②「子の栄光を現す」とは、どういうことか。
*苦難の中で父がイエスを支えること
*父がイエスの犠牲の死を受け入れること
*父がイエスを復活させること
・復活は、イエスが神の子であることの証拠となる。
*イエスが本来持っていた栄光を回復させること
・昇天によって、イエスは栄光の座に着く。
(6)「あなたの子があなたの栄光を現すために、」
①原文の語順と日本語の語順は逆である。
②イエスは、自分の願いの目的を明らかにしている。
*神に何かを願う時に、私たちもその目的を申し上げるとよい。
③父なる神の知恵、力、愛が、イエスを通して現れるように。
④イエスを信じる者たちに永遠のいのちを与えることで、父の栄光を現す。
⑤罪人が新生し、神をたたえるようになることは、父に栄光をもたらす。
2.2~3節
Joh 17:2 それは子が、あなたからいただいたすべての者に、永遠のいのちを与えるため、あなたは、すべての人を支配する権威を子にお与えになったからです。

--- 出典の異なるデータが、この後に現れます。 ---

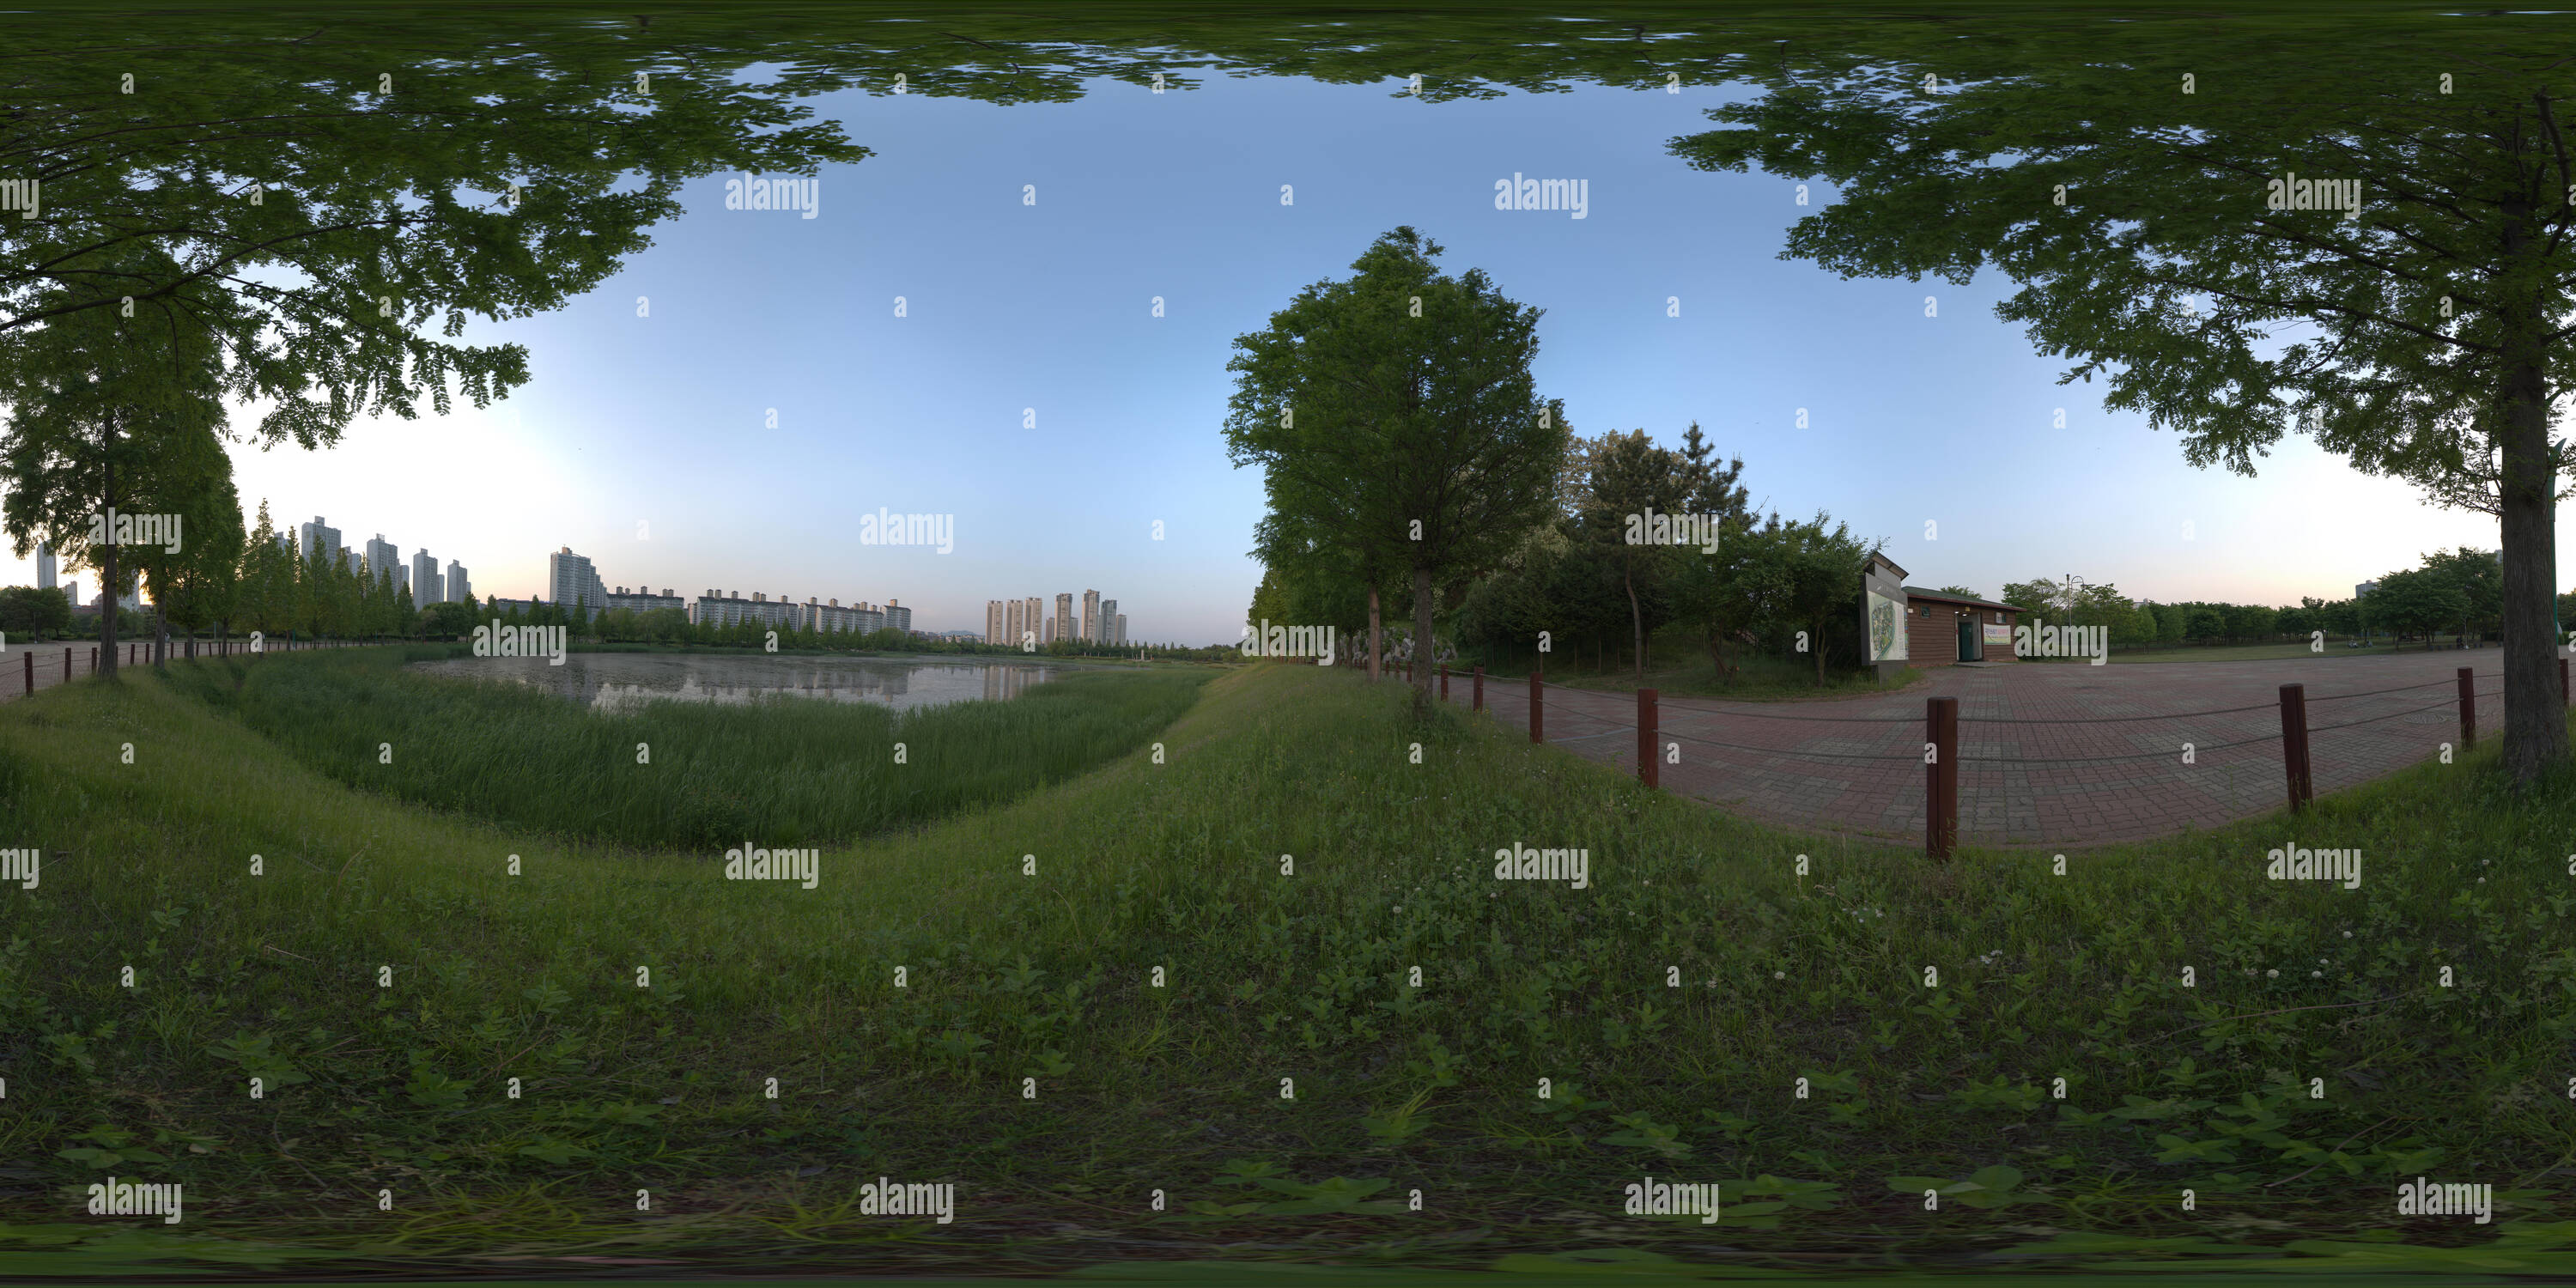 360 degree panoramic view of Ansan, South Korea - 15 May 2019 Ansan Waterside Park. 360 degrees spherical panorama of spring nature in forest.

Joh 17:3 その永遠のいのちとは、彼らが唯一のまことの神であるあなたと、あなたの遣わされたイエス・キリストとを知ることです。
(1)イエスの願いは、父なる神の御心に沿ったものである。
①父は子に、すべての人を支配する権威を与えた。
*詩2篇のテーマ(メシア的詩篇)
②父は子に、裁きを行う権威を与えた(ヨハ5:27)。
③子は、自分から命を捨てる(ヨハ10:18)。
④子は、父からいただいたすべての者に、永遠のいのちを与える。
⑤信者は、「父からいただいた者」である(5回この表現が出て来る)。
*2節、6節(2回)、9節、24節
⑥救いの教理の二面性
*天地が造られる前から、父はキリストに属する者を選んでおられる。
*神は、すべての人を招いておられる(信仰によって救われない人はいない)。
(2)イエスによる永遠のいのちの定義
①パリサイ人たちは、神の国に入ることが「永遠のいのち」だと考えていた。
②一般的には、いつまでも続くいのちである。
*しかし、永遠のいのちとは、永遠に存在し続けることではない。
*すべての者は、永遠に存在し続ける。
*どこで、どのような状態で存在し続けるかが問題である。
③永遠のいのちとは、それは、唯一のまことの神を知ること。
*「唯一のまことの神」とは、偶像と対比した言葉である。
④それは、父が遣わされたイエス・キリストを通して可能となる。
*父と子とは、同質の神である。
⑤それは、イエス・キリストを通して与えられる「神との平和」である。
⑥「知る」とは、親密な個人的関係を指す動詞である。
⑦その関係は、永遠に続く。
3.4~5節
Joh 17:4 あなたがわたしに行わせるためにお与えになったわざを、わたしは成し遂げて、地上であなたの栄光を現しました。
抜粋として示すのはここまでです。